- What to work on -
Retype all data exactly as given. Pictures should not be retyped.

- Dataset excerpt -
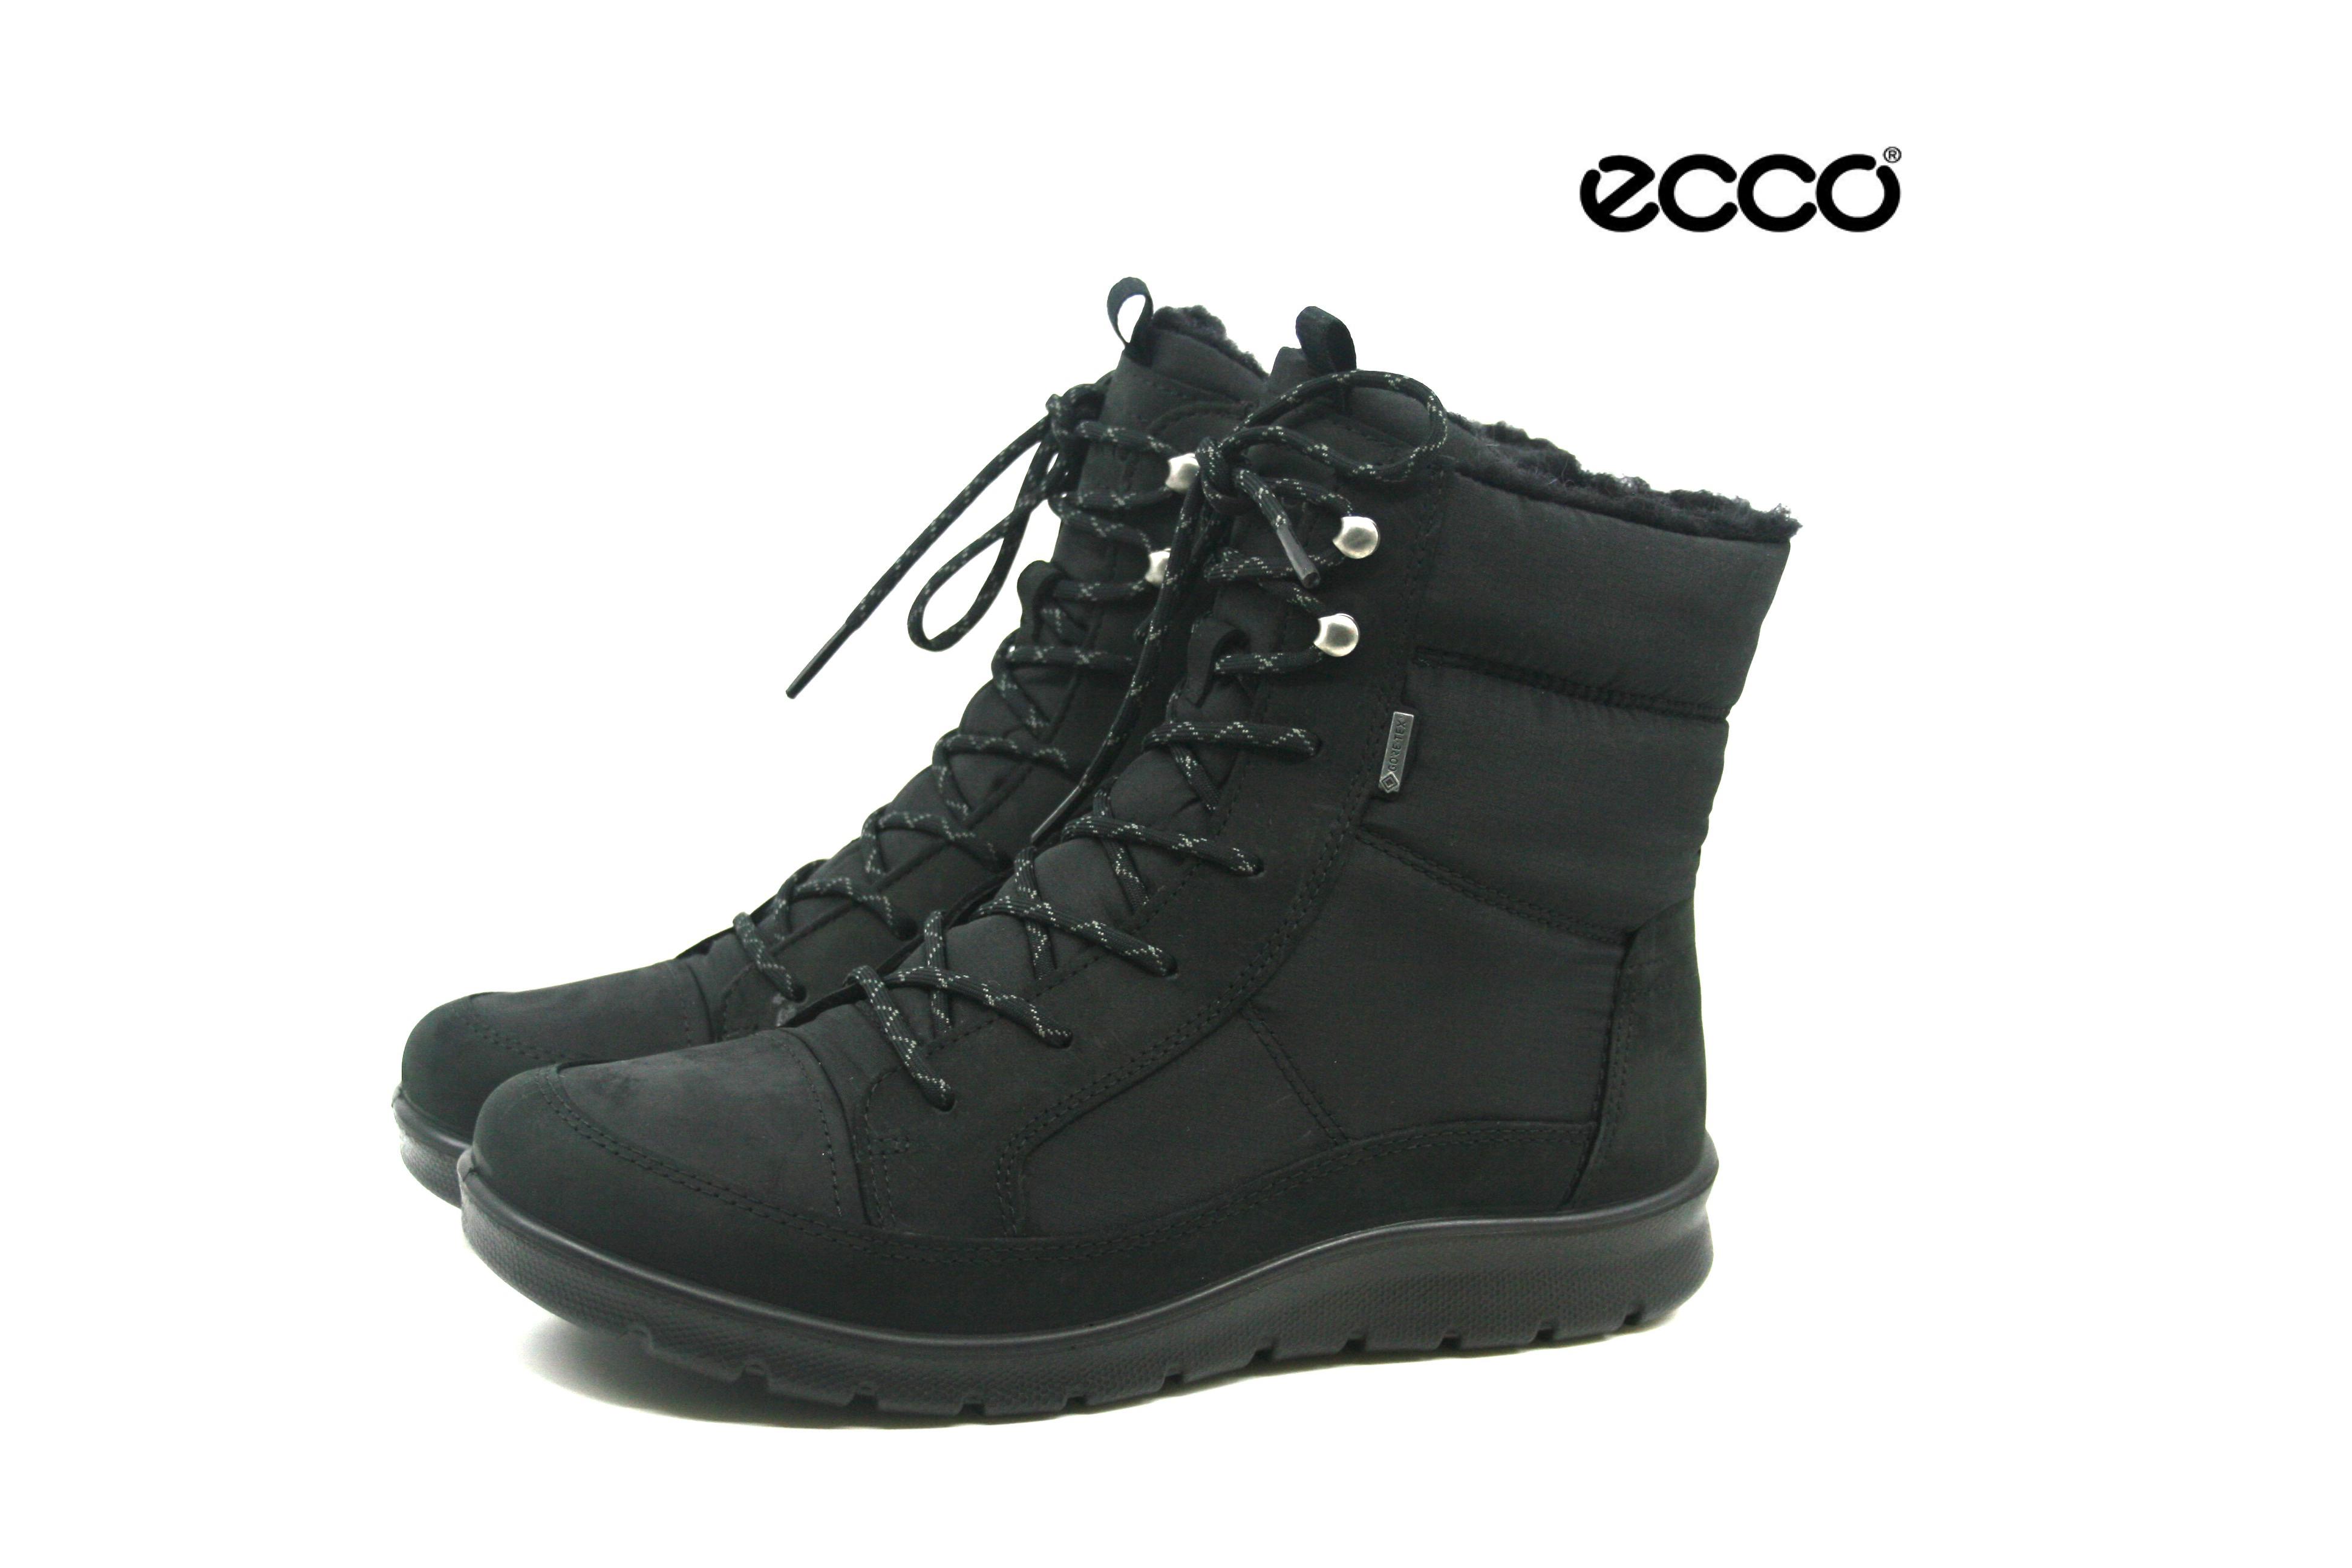 0a49234192f Damkjaer Sko Online Shop - Varm Ecco støvle til dame
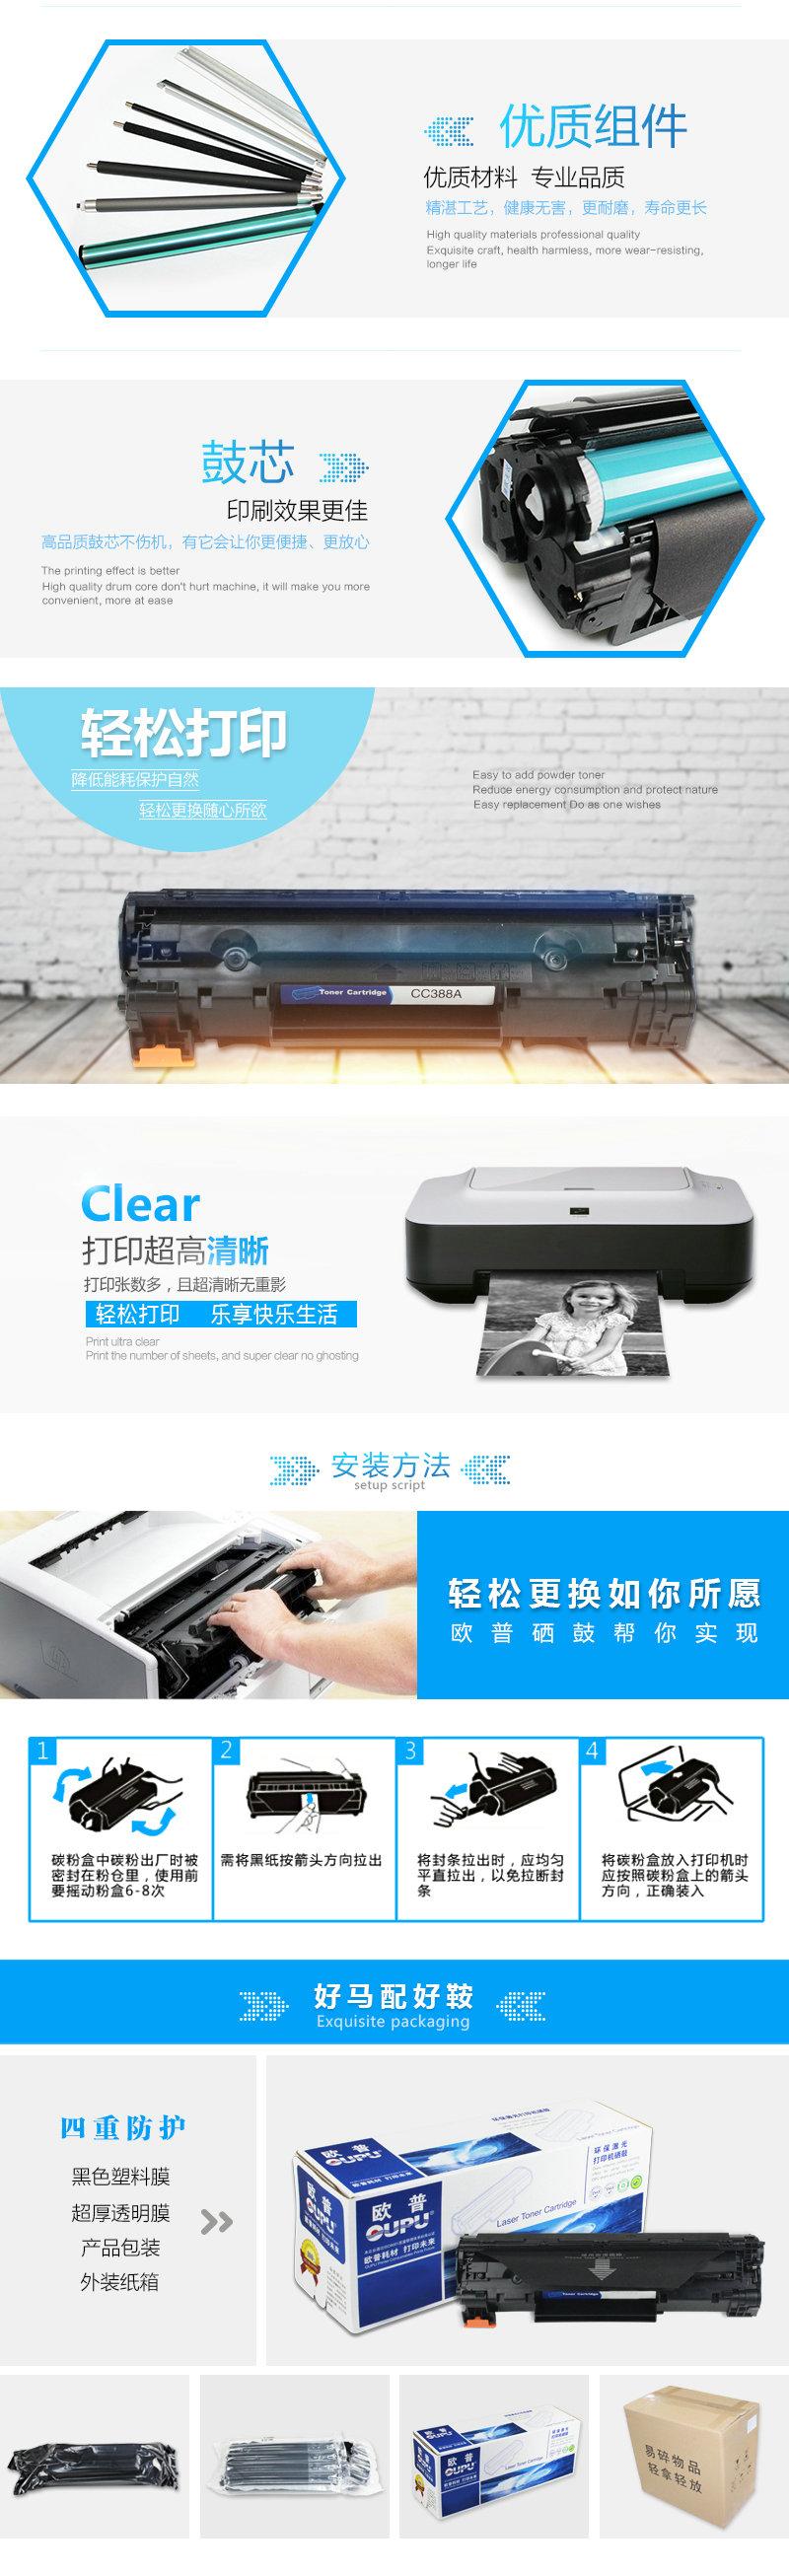 欧普CC388A打印机万博体育手机官网登录-普通2
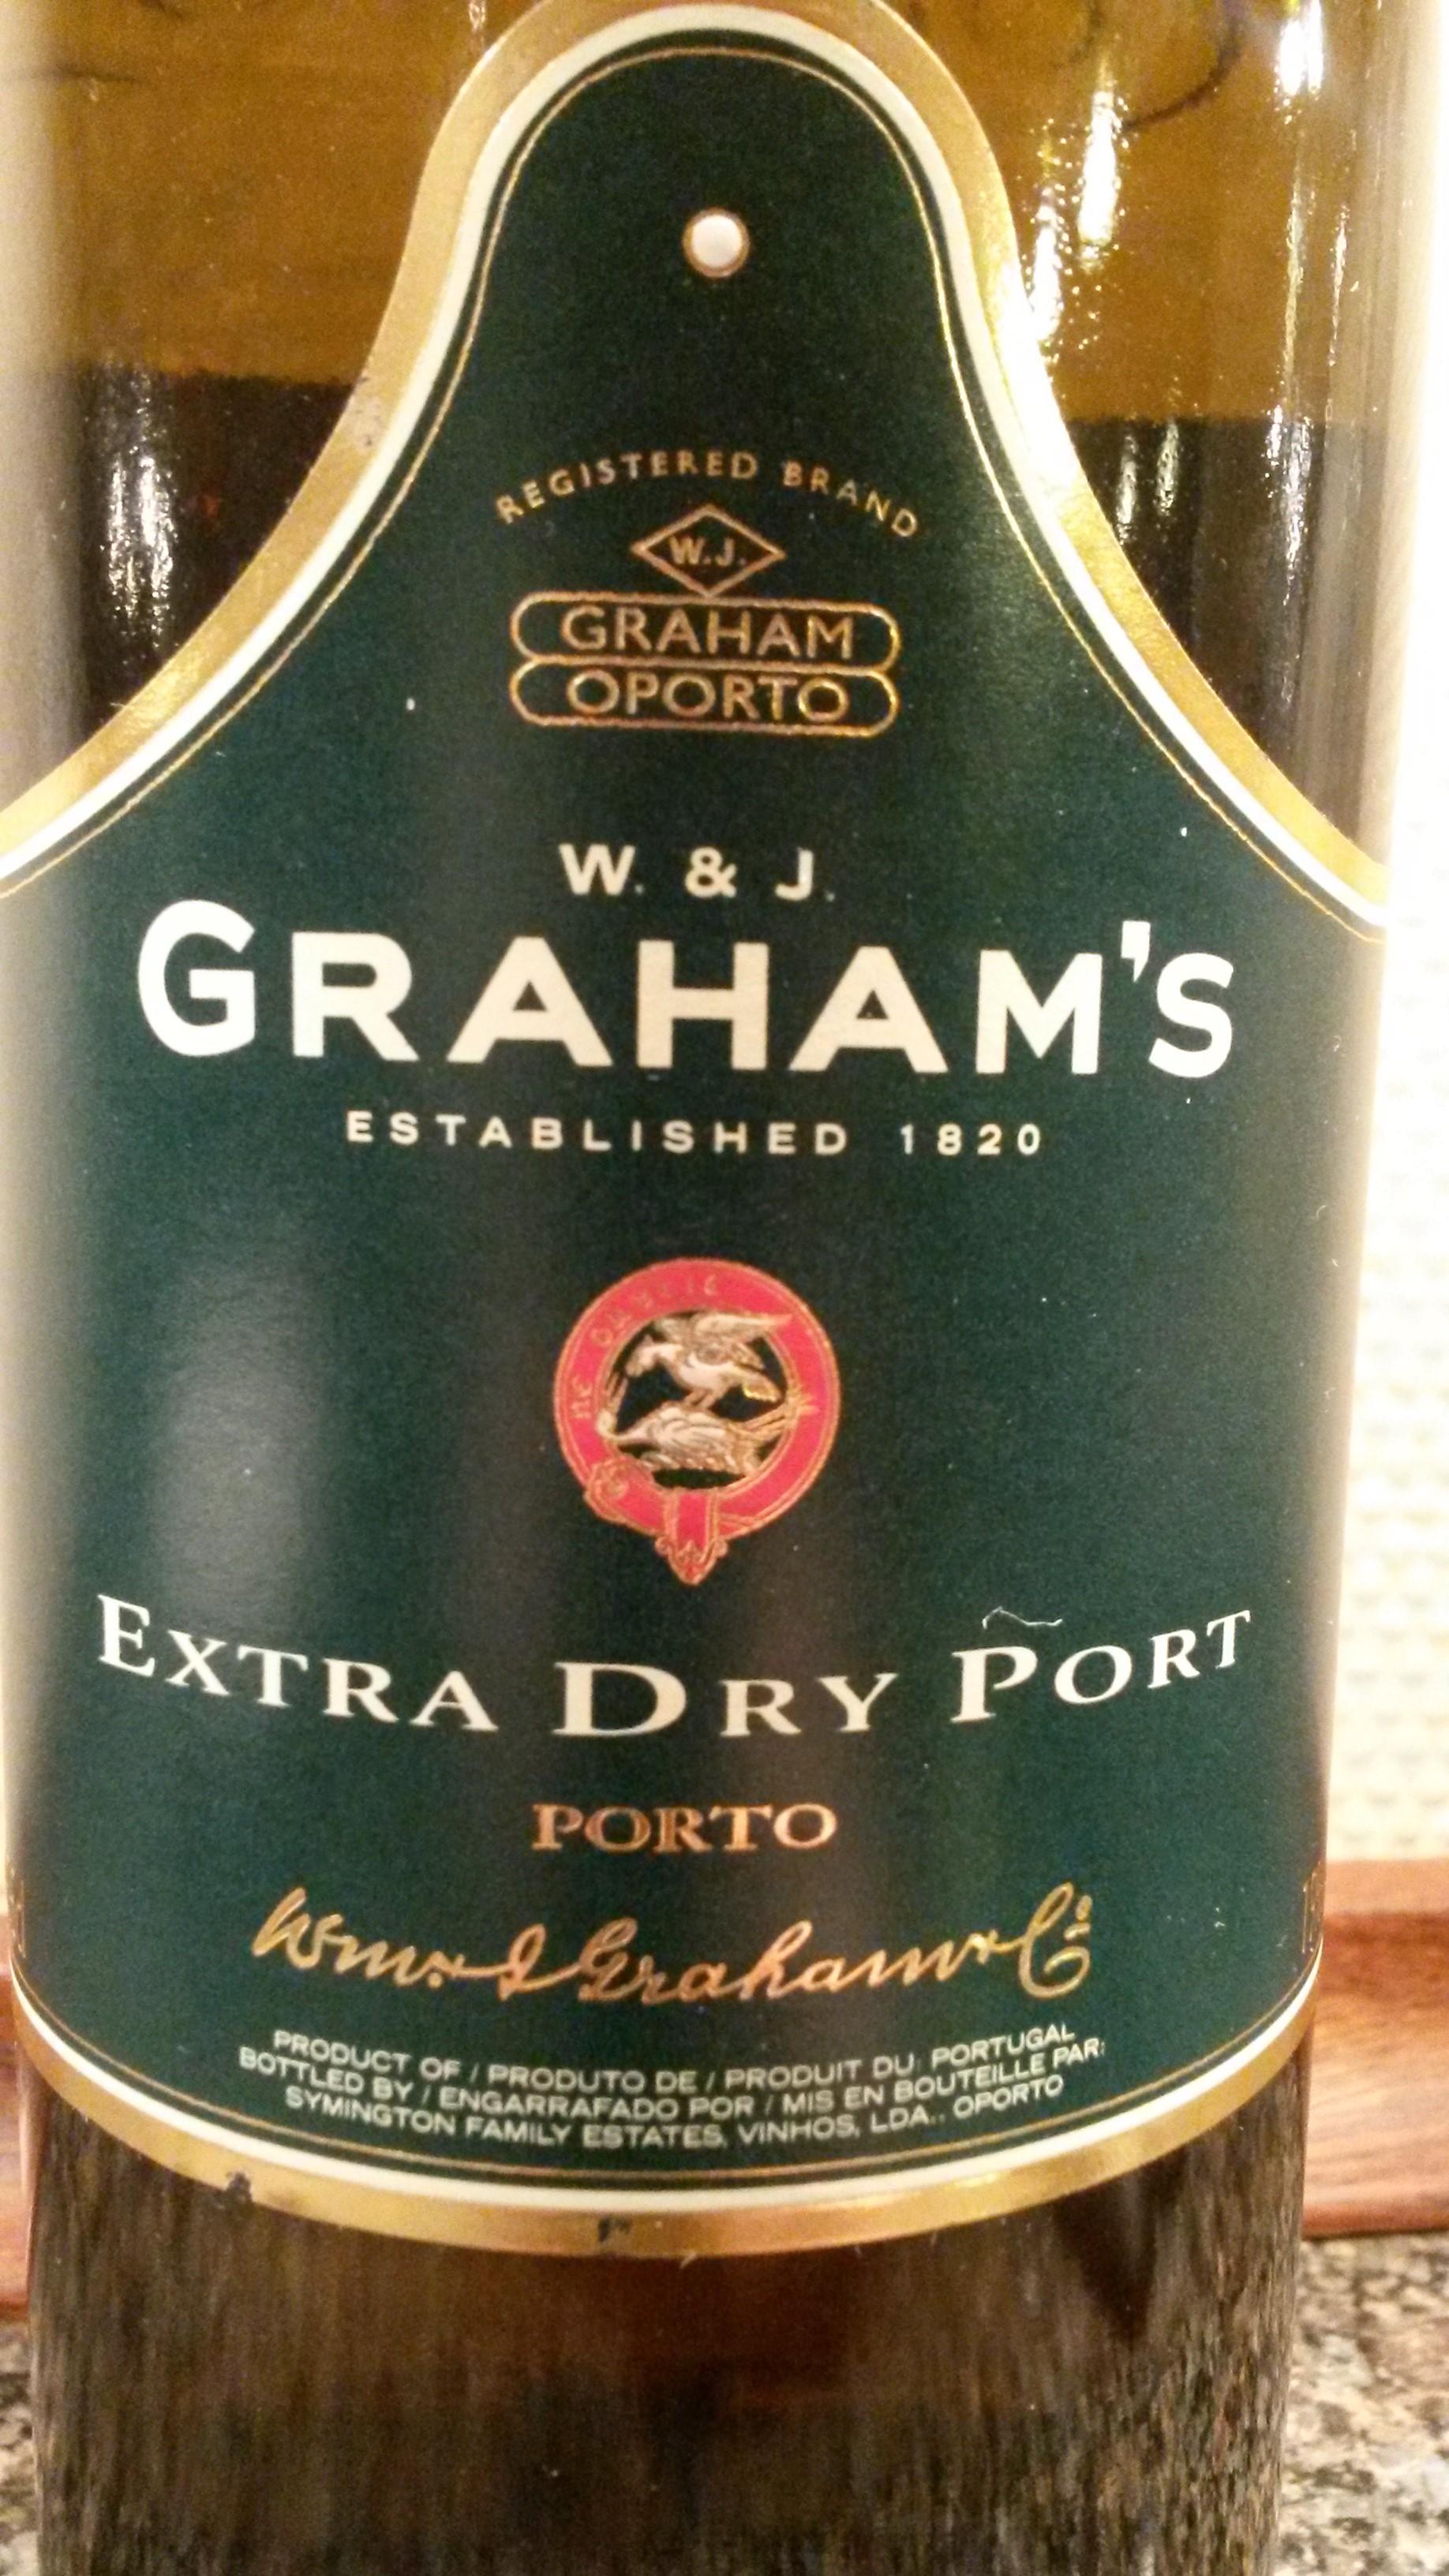 Grahams dry white

- Expected answer -
 0a49234192f Damkjaer Sko Online Shop - Varm Ecco støvle til dame
 欧普CC388A打印机万博体育手机官网登录-普通2
 Grahams dry white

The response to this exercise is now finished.